Chapter-wise, there's an introduction to the idea that modern kitchens are too standardized and glamorized to be well-matched to the needs of the cook, and the idea of customizing the kitchen to personal use patterns, as well as a discussion of realistic average patterns. There's a chapter talking about fitting the kitchen with the layout of the house as a whole, as well as a chapter focusing on where to put different task areas within a given kitchen. Interesting discussion of choosing where things are stored affects the functionality of the kitchen as much as the layout choices of where the appliances go. Nice ideas about comparing layouts using a string to map your walk between stations while doing various tasks.
Also practical chapters on budgeting money and time for your project, and how to hire help, though this is partly outdated.
Because he's all about customizing the kitchen to the space, there are 2-3 carpentry chapters on cabinet design (door/drawer size choices), in-place cabinet construction (using the room walls and neighboring cabinets as sides/back instead of lots of freestanding Nx24x36 boxes), as well as an appendix on a simple home woodshop to do this in.
Another appendix deals with efficiency studies, motions used in food preparation and cleanup, etc.
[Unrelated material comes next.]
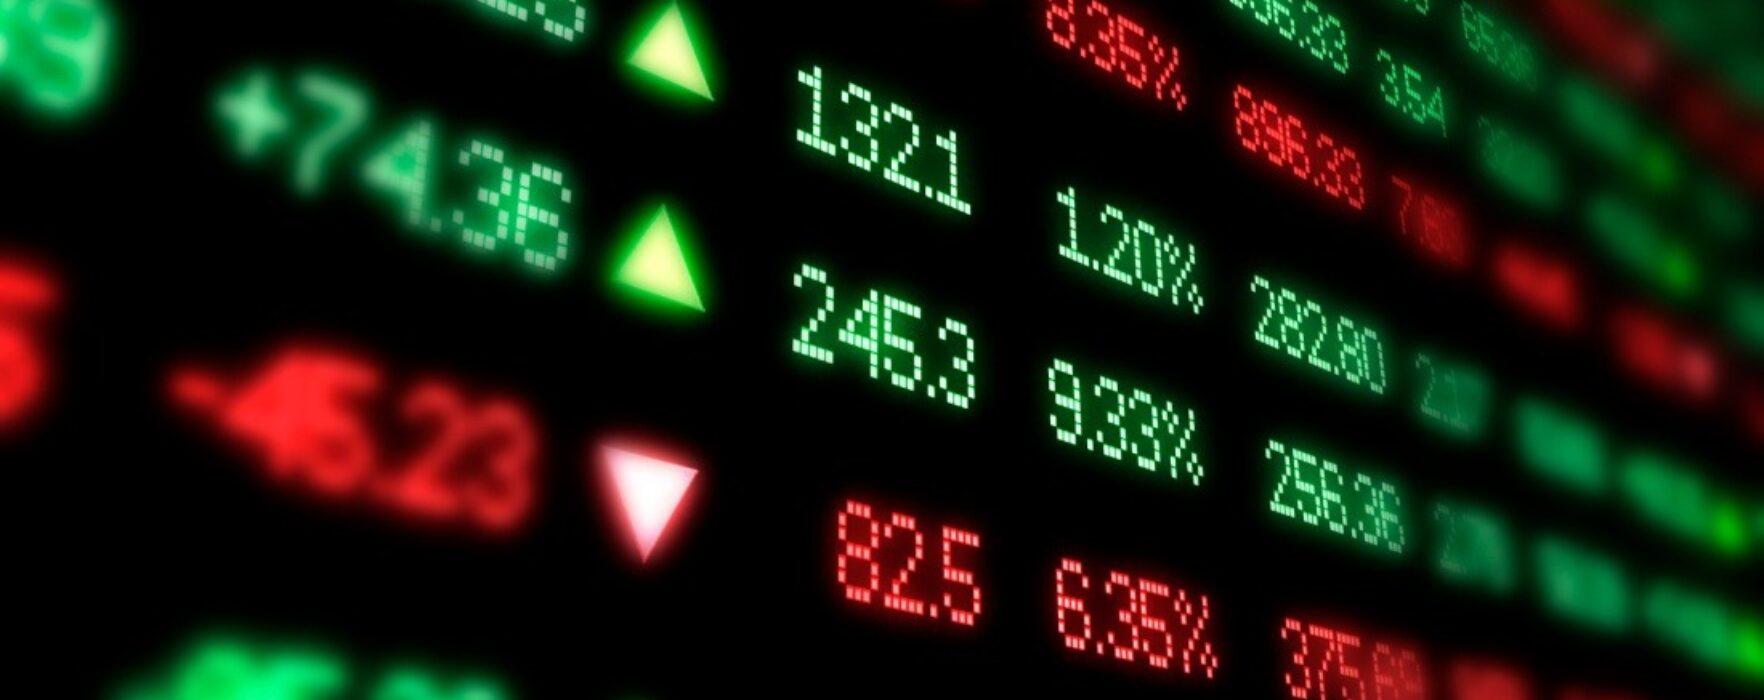 Toţi indicii bursieri înregistrau scăderi marţi, la deschiderea pieţei

The author often refers to Frank and Lillian Gilbreth's efficient design principles - meaning that as a fan of Cheaper by the Dozen, I found Clark's design advice even more appealing.

All around, somebody would have to be very inspired by this design philosophy to need every chapter of this book, but even knowing I'm not interested in some of his ideas (I'm so buying ready-made cabinets, and I'm not into open shelving) there are some great ideas about how to make a kitchen very useable. While the book encourages me to ignore some "rules" of standard modern design as I make my kitchen flow logically for me, the same "do what suits you" principle argues that I can ignore Clark, too, if I decide that's best. Take what you need and leave the rest, but it's all a good read.
1 of 1 people found the following review helpful
Best kitchen design book by far April 2 2007
By J & A - Published on Amazon.com
Format: Paperback Verified Purchase
This book helped us redesign out kitchen to be much more efficient and a joy to work in. Definitely the best home design book I've seen.